For this action, in June 2021 the Director General of the Civil Guard imposed a five-month suspension of employment as the author of a "very serious" offense, for carrying out an activity that violated the rules on incompatibilities. In October of that same year, the Ministry of Defense confirmed the sanction imposed. The agent, dissatisfied with the decision, took his case before the Central Military Court, which in June 2022 dismissed his appeal.

Thus, the agent went to the Supreme Court with an appeal in which he argued that working as a pilot for an airline --without having obtained prior authorization-- was not an activity that was listed in the regulations as "incompatible" with his I work at the Benemérita. And he insisted that he was granted compatibility once he requested it.
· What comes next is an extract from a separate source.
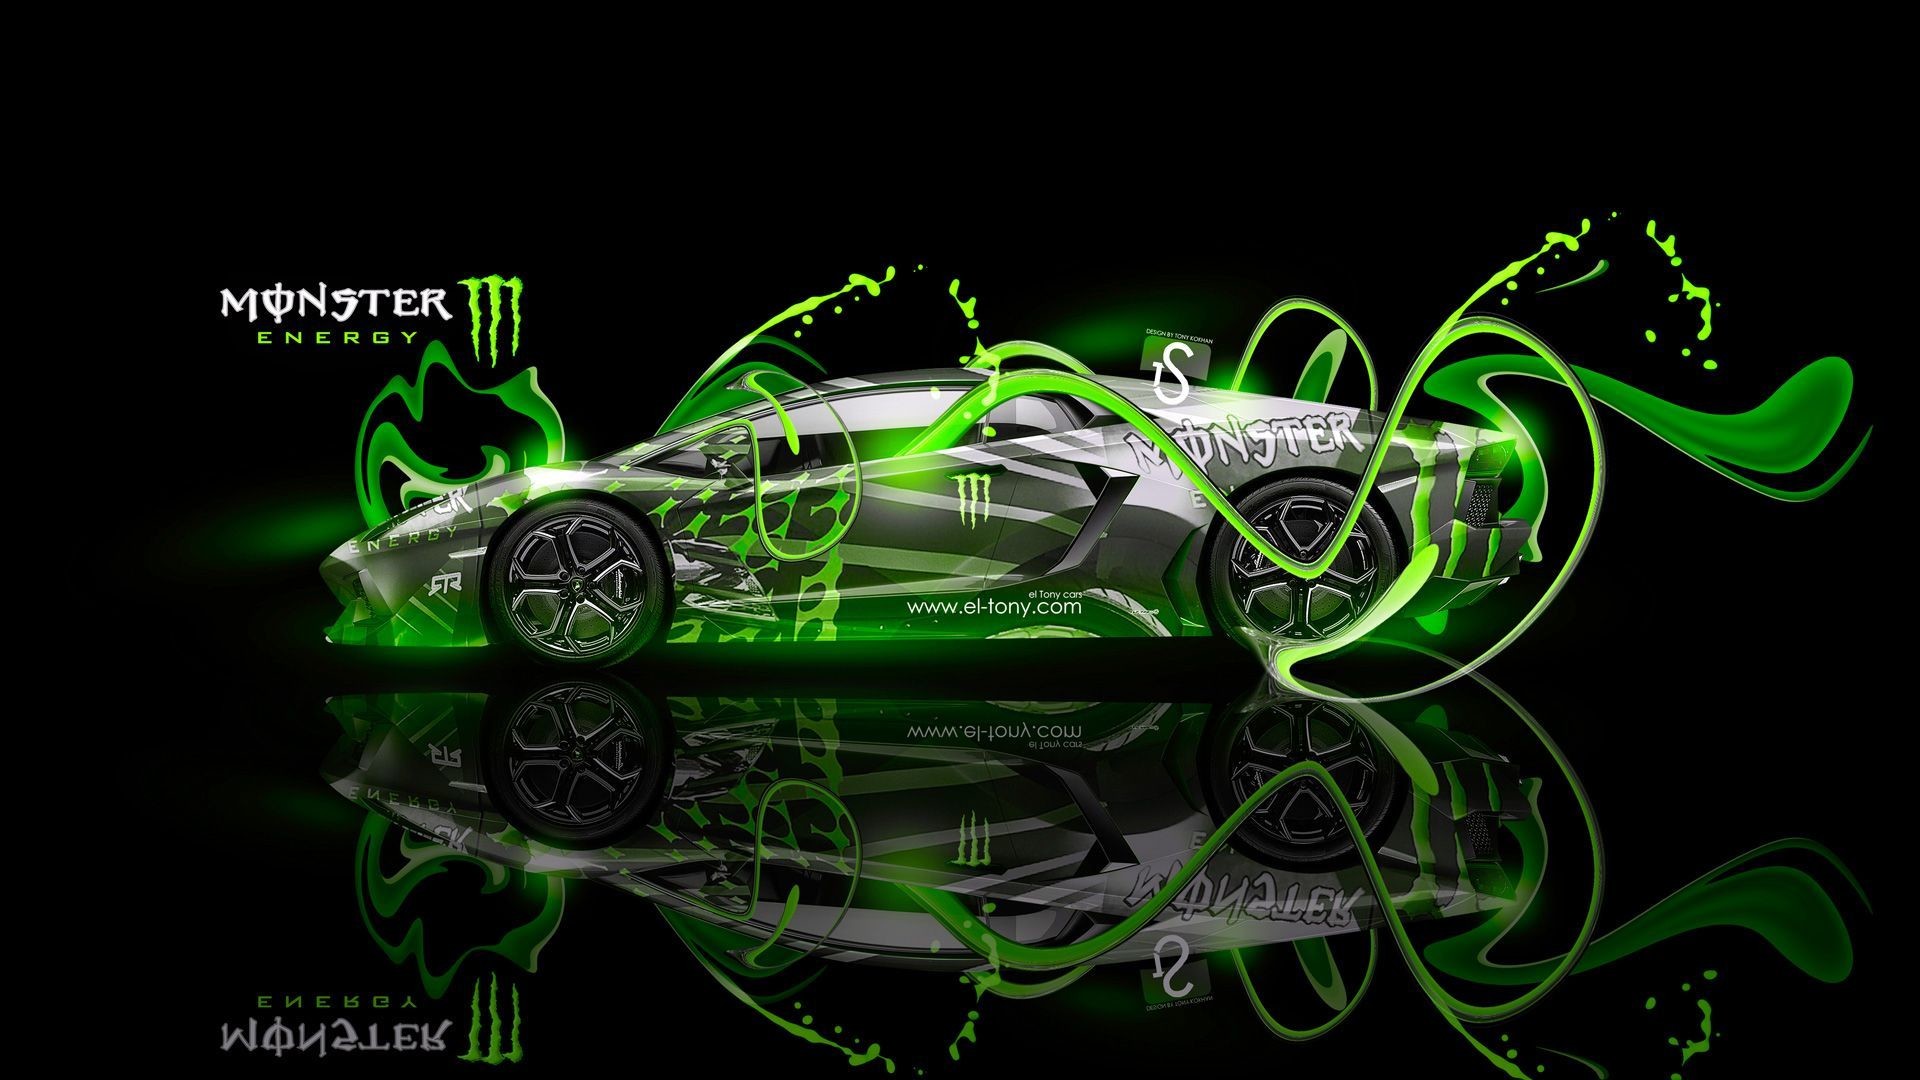 1920x1080 1920x1280 Monster Energy Free hd wallpapers Page 0 | WallpaperLepi">
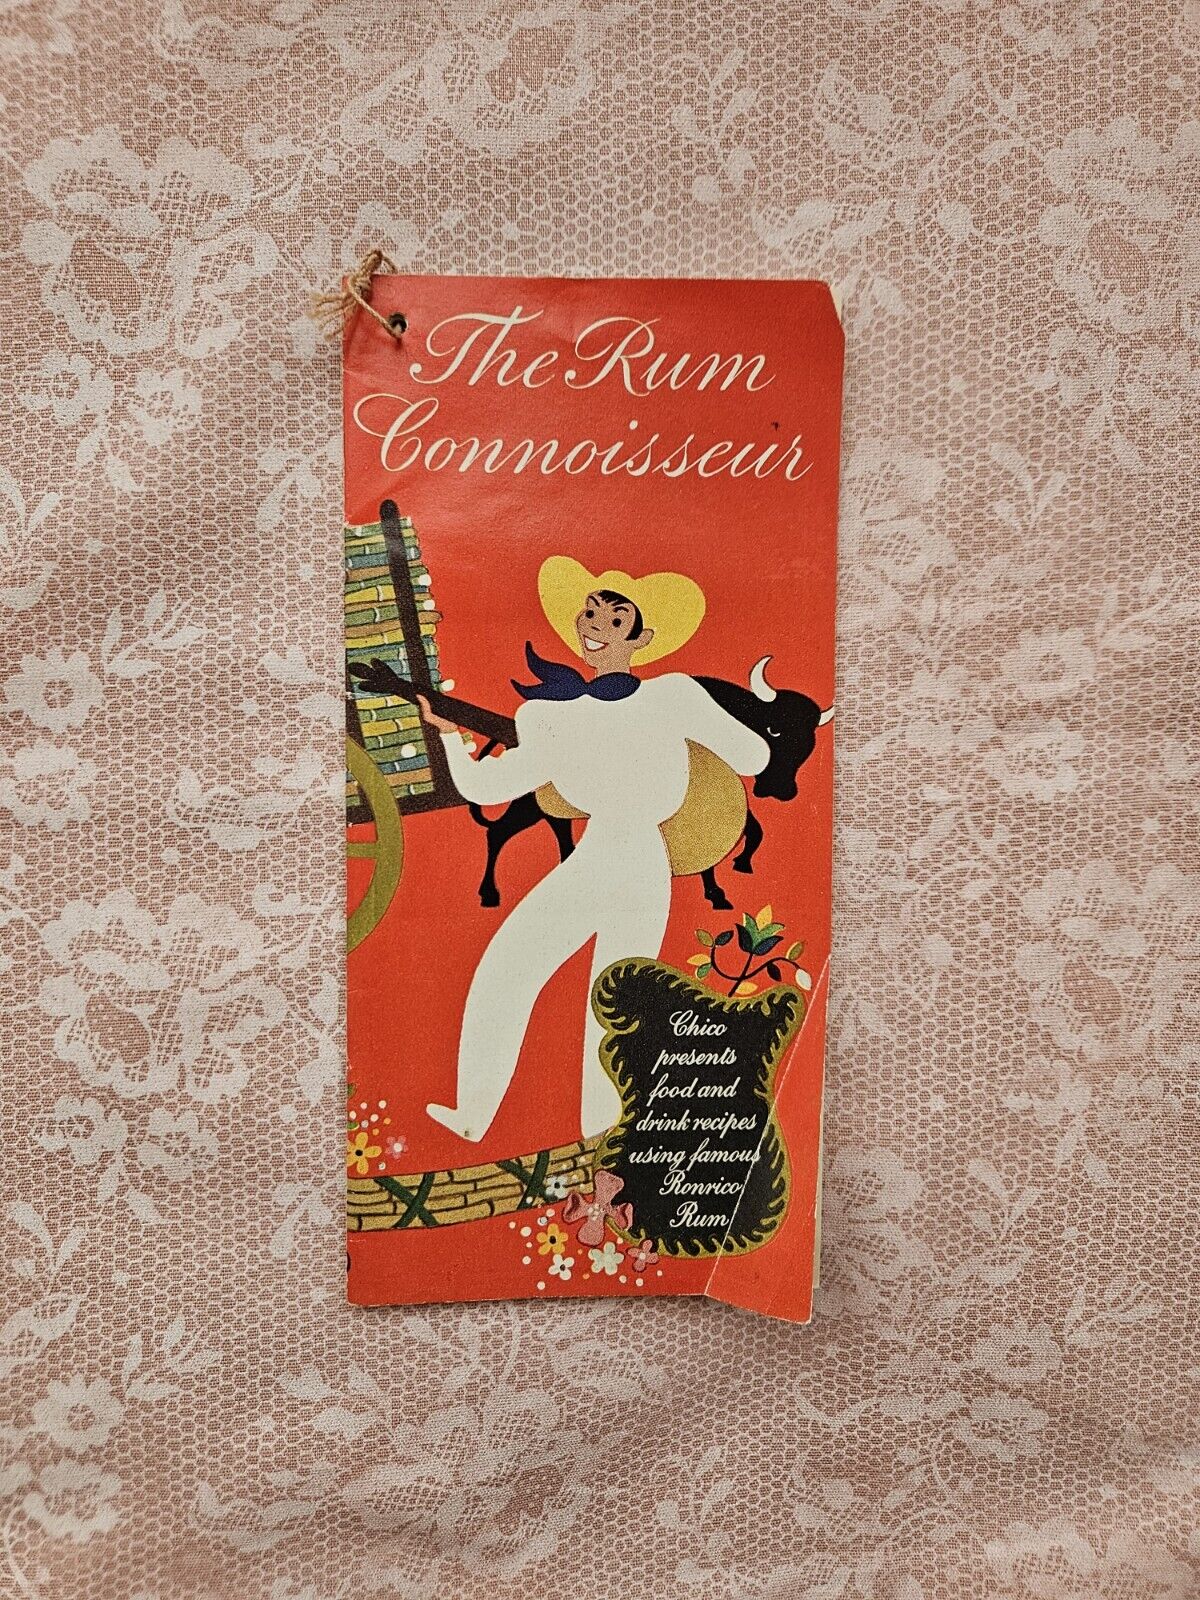 VTG 1944 The Rum Connoisseur Food and Drink Recipes Ronrico Rum

The magistrates have recalled that the Law on Incompatibilities of Personnel at the Service of Public Administrations "expressly provides" that the civil guards cannot "make their activities compatible" with a second private job "that could prevent or undermine strict compliance of their duties or compromise their impartiality or independence, as well as their full availability for service".

In addition, they have stressed that the Royal Decree that contemplates the incompatibilities of the Civil Guard personnel also specifies that in order to obtain recognition of compatibility it is necessary that they have submitted an application that must be evaluated by the General Directorate of the Armed Institute and resolved by the Ministry of the Interior.

On the other hand, the high court has indicated that the fact that the agent requested the compatibility permit and it was granted when he was already performing these functions for the private company "does not imply" that when regularizing his situation the previous conduct was not " recriminable".

The magistrates have insisted that "not having requested compatibility prior to the exercise of the activity that he had been carrying out implied, in itself, a breach of the aforementioned regulations", because he was working as a private pilot when he carried out functions of the Guard Civilian without any authorization.

In 33 pages, the court has emphasized that the sanction imposed was "adequate" when taking into account the "seriousness" and the "circumstances of the conduct" of the agent; and he recalled that for this type of case the law provides for the possibility of sanctioning with suspension of employment from three months to six years. "This Chamber considers that since the sanction has been imposed almost in its minimum extension, it cannot be considered that the principle of proportionality has been violated," the magistrates have indicated.

On the sidelines, the Supreme Court has made ugly the agent who presented an "almost literal" appeal to the one that he presented before the Central Military Court, without presenting any legal reasoning that would allow him to argue that the principle of legality was violated with the contested decision, something that -a their judgment -- should in itself lead them to dismiss your petition.